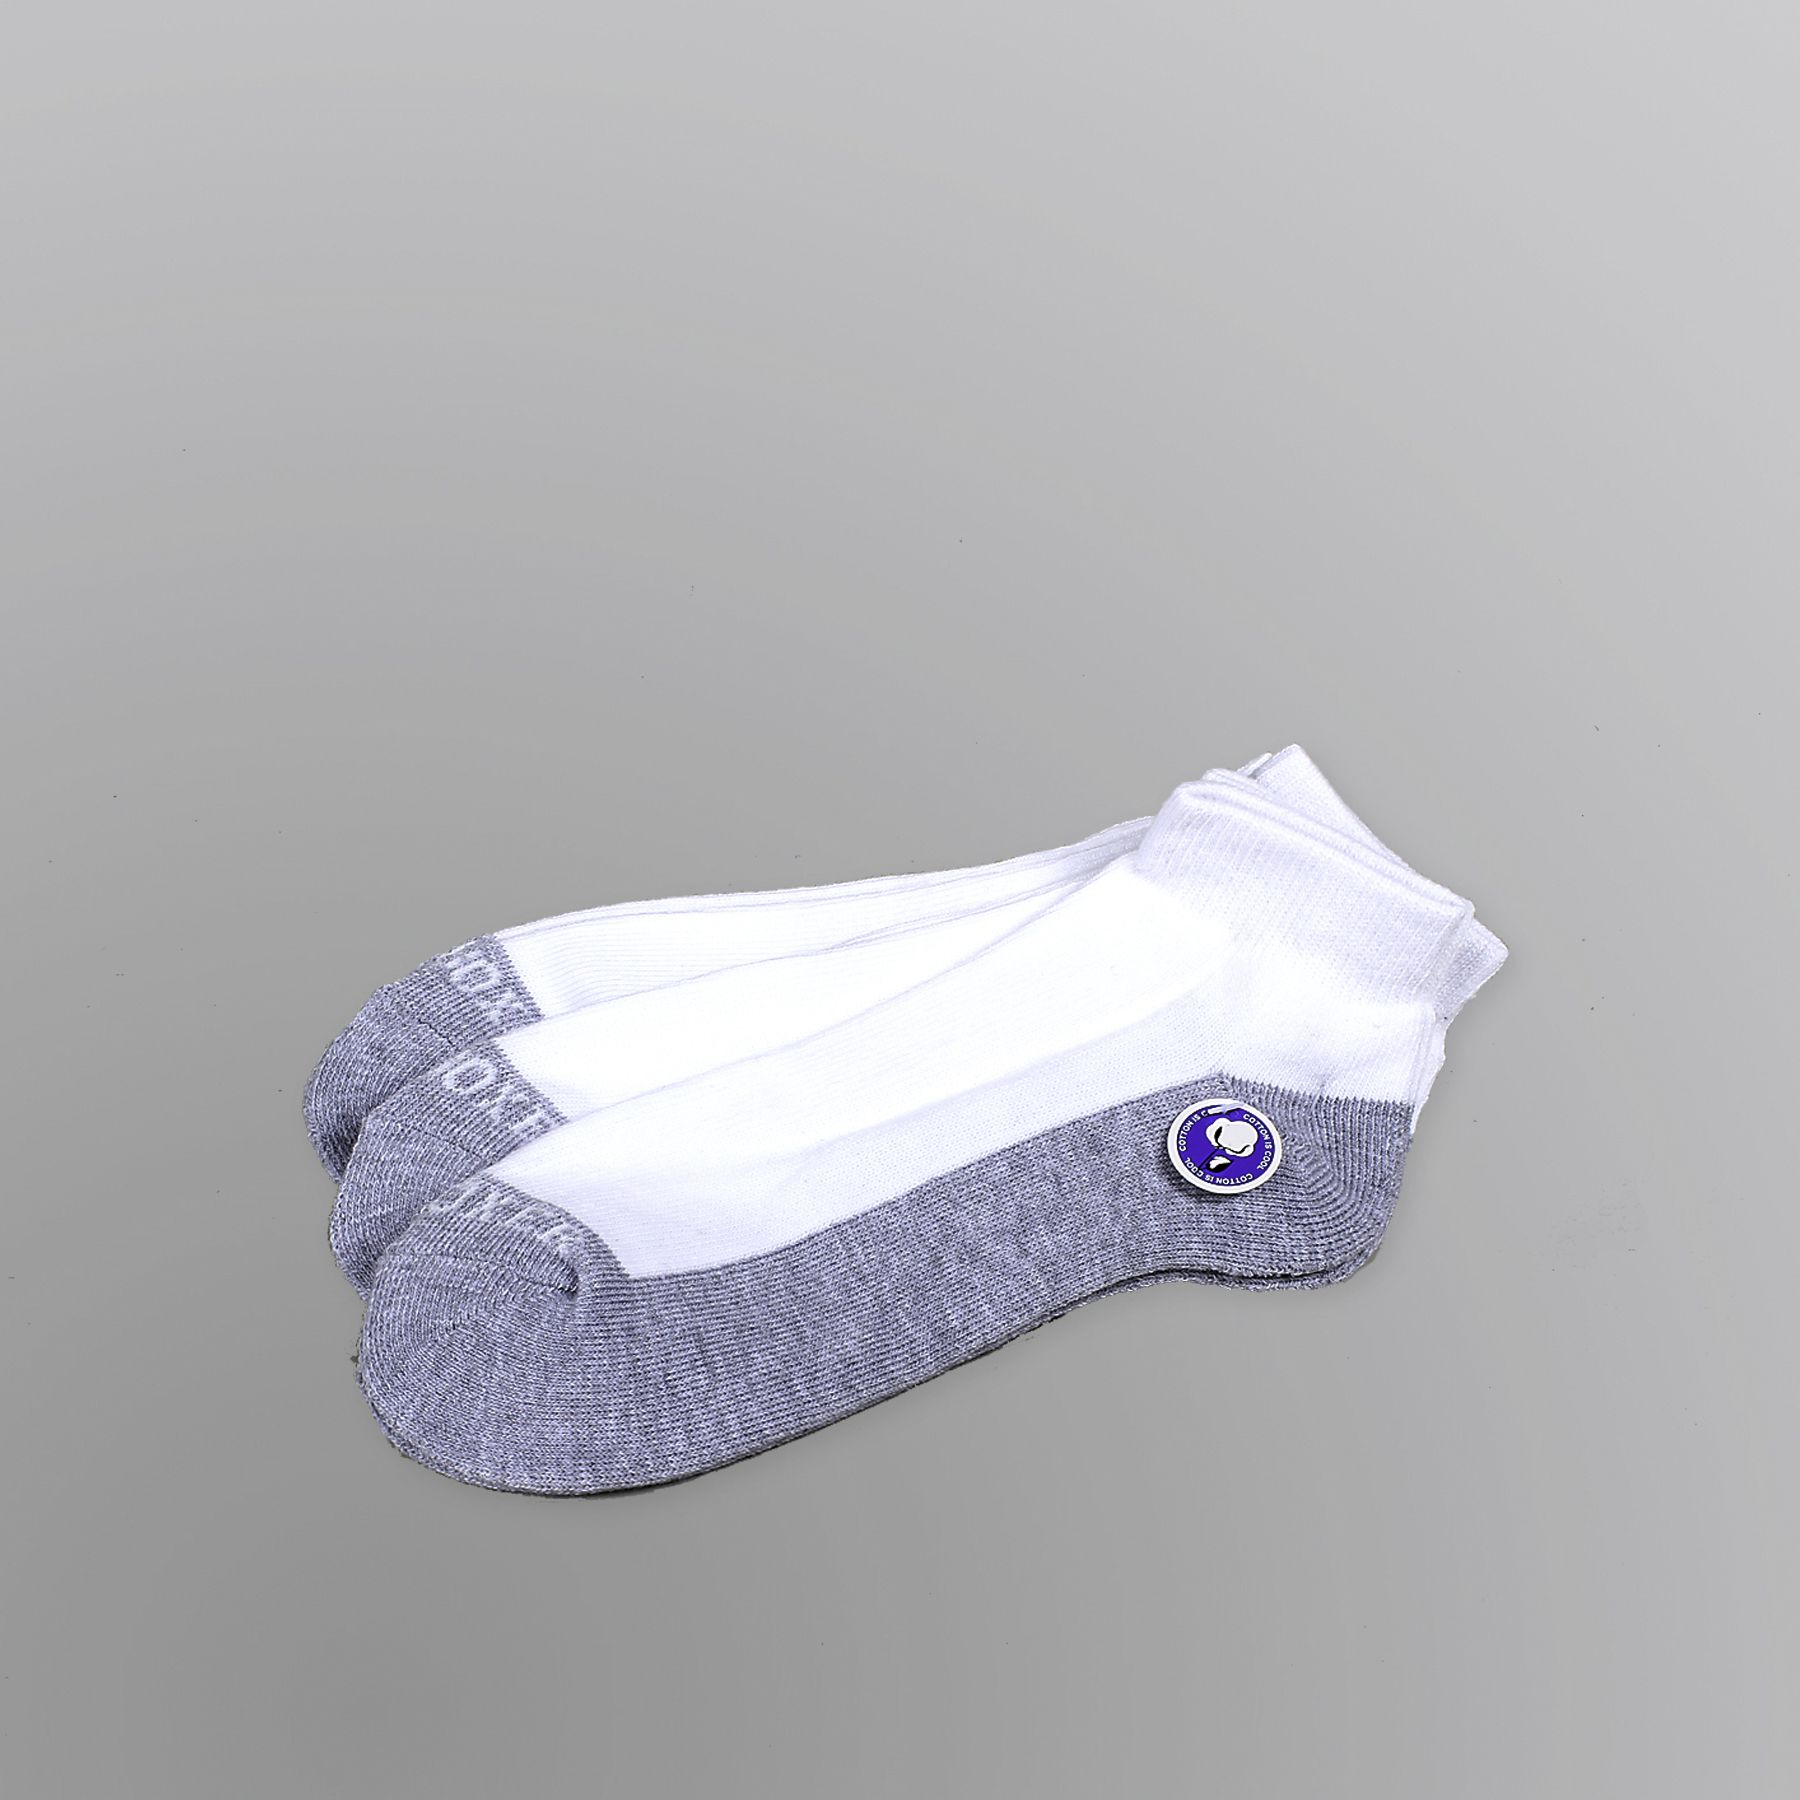 Joe Boxer Men's Quarter Socks White Mesh Grey Footbed - 3-pack  Size 10-13
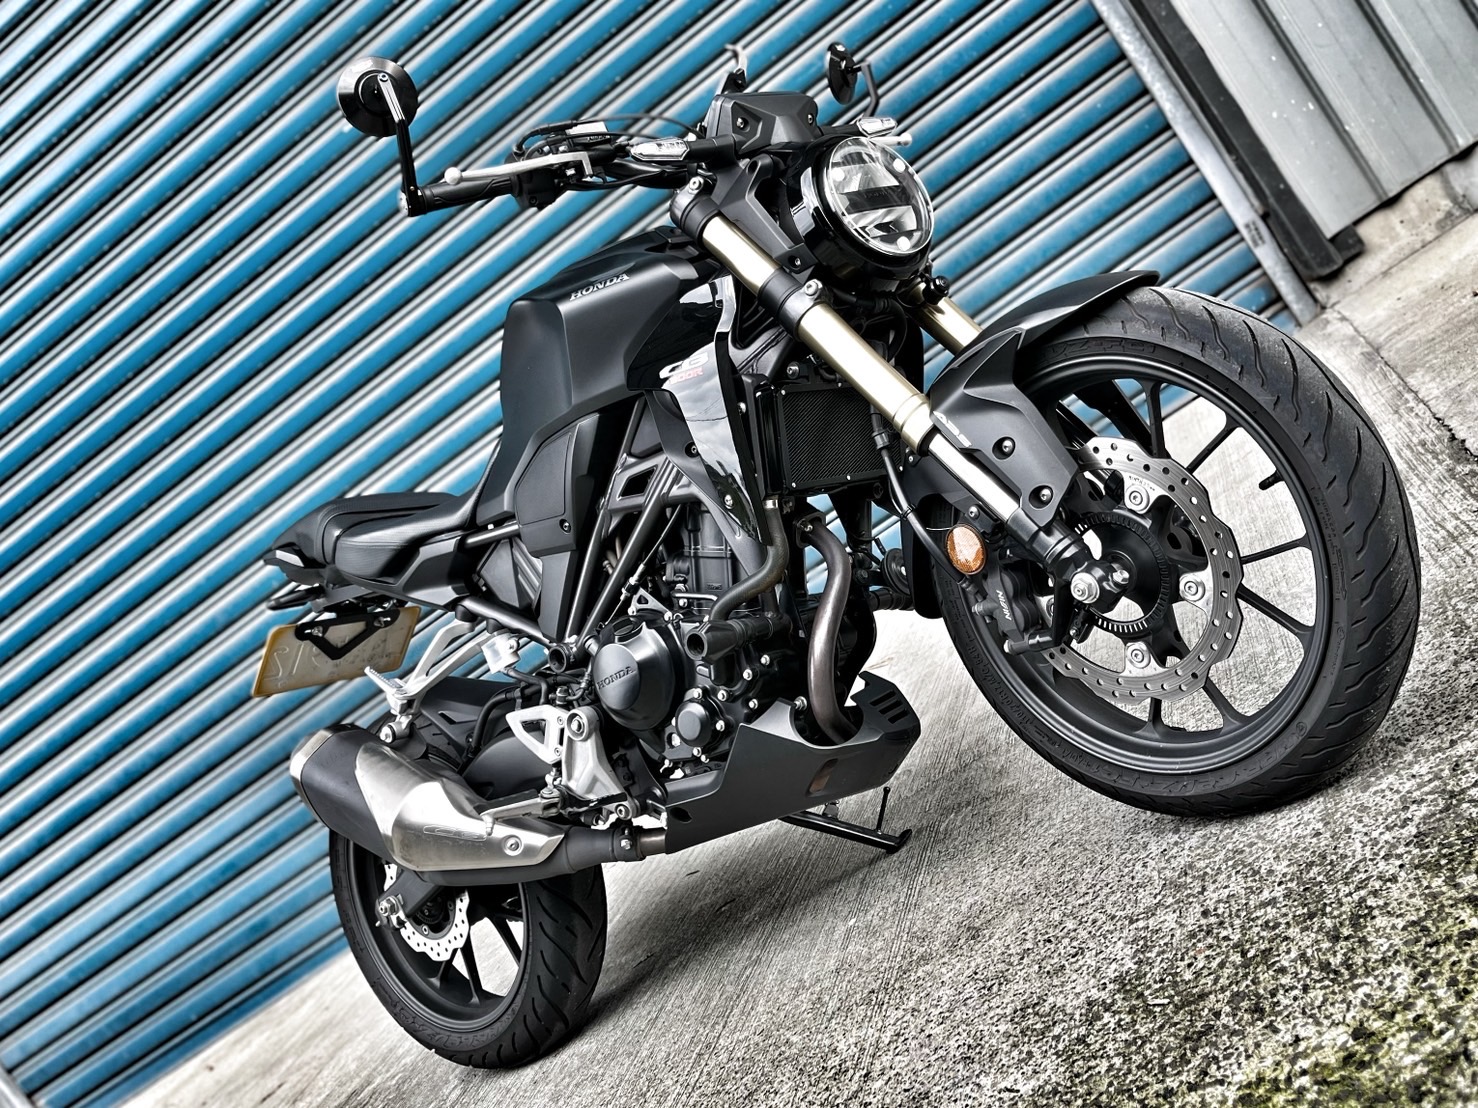 【小資族二手重機買賣】HONDA CB300R - 「Webike-摩托車市」 無倒無摔 里程保證 小資族二手重機買賣
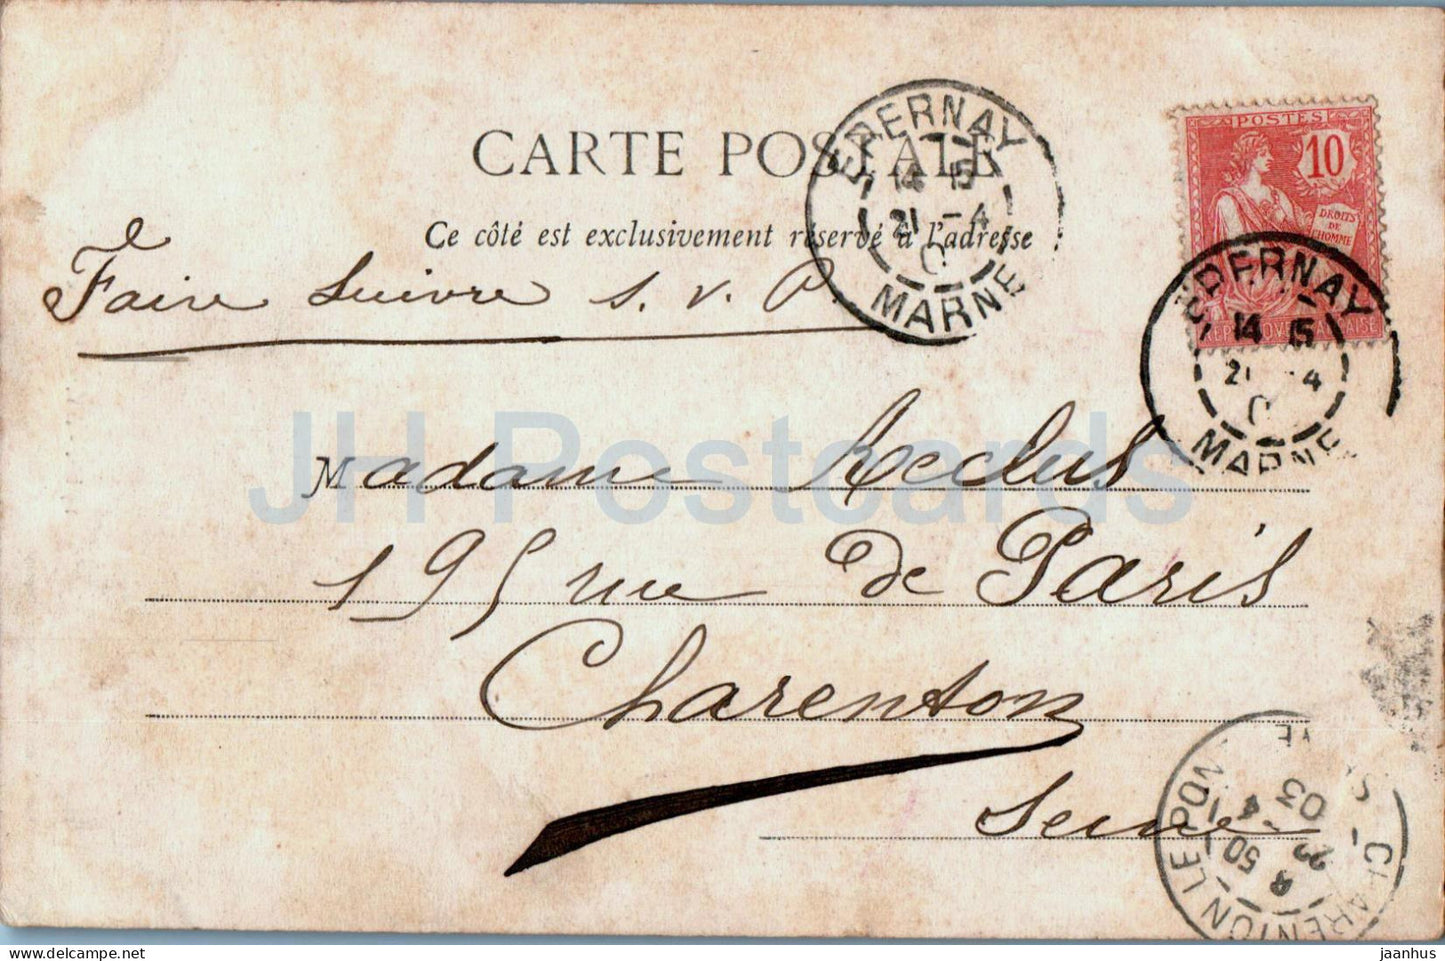 Ay - Eglise - Au Pays du Champagne - Les Vignobles de la Vallee de la Marne 1 14 - alte Postkarte - 1903 - Frankreich - gebraucht 
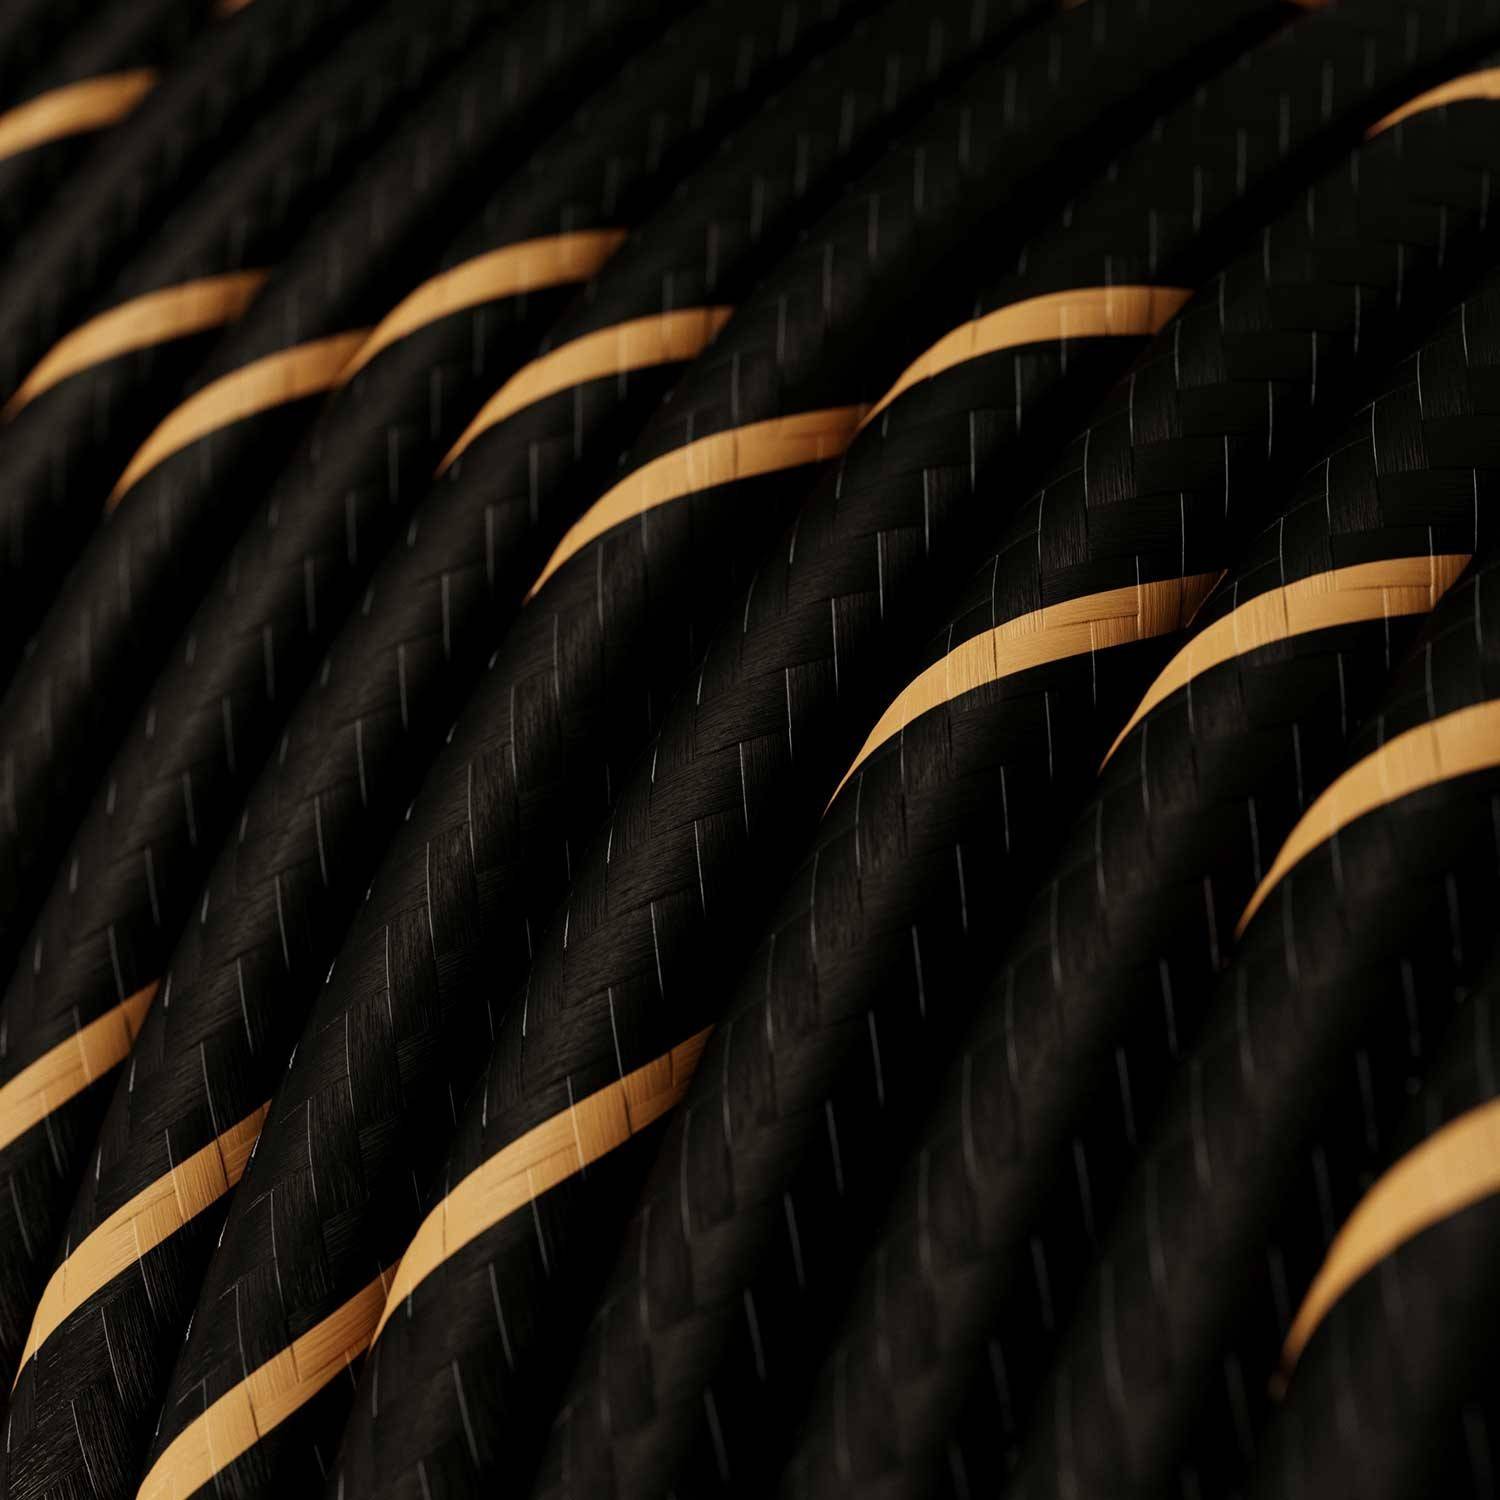 Cablu textil Vertigo lucios negru și auriu - Originalul Creative-Cables - ERM42 rotund 2x0.75mm / 3x0.75mm

**EXERCISE REQUIREMENTS:** When copying the material, leave every image behind and keep each line verbatim.

**ANSWER TO THE PROBLEM:**
 Joe Boxer Men's Quarter Socks White Mesh Grey Footbed - 3-pack  Size 10-13
 【小資族二手重機買賣】HONDA CB300R - 「Webike-摩托車市」 無倒無摔 里程保證 小資族二手重機買賣
 Ay - Eglise - Au Pays du Champagne - Les Vignobles de la Vallee de la Marne 1 14 - alte Postkarte - 1903 - Frankreich - gebraucht 
 Cablu textil Vertigo lucios negru și auriu - Originalul Creative-Cables - ERM42 rotund 2x0.75mm / 3x0.75mm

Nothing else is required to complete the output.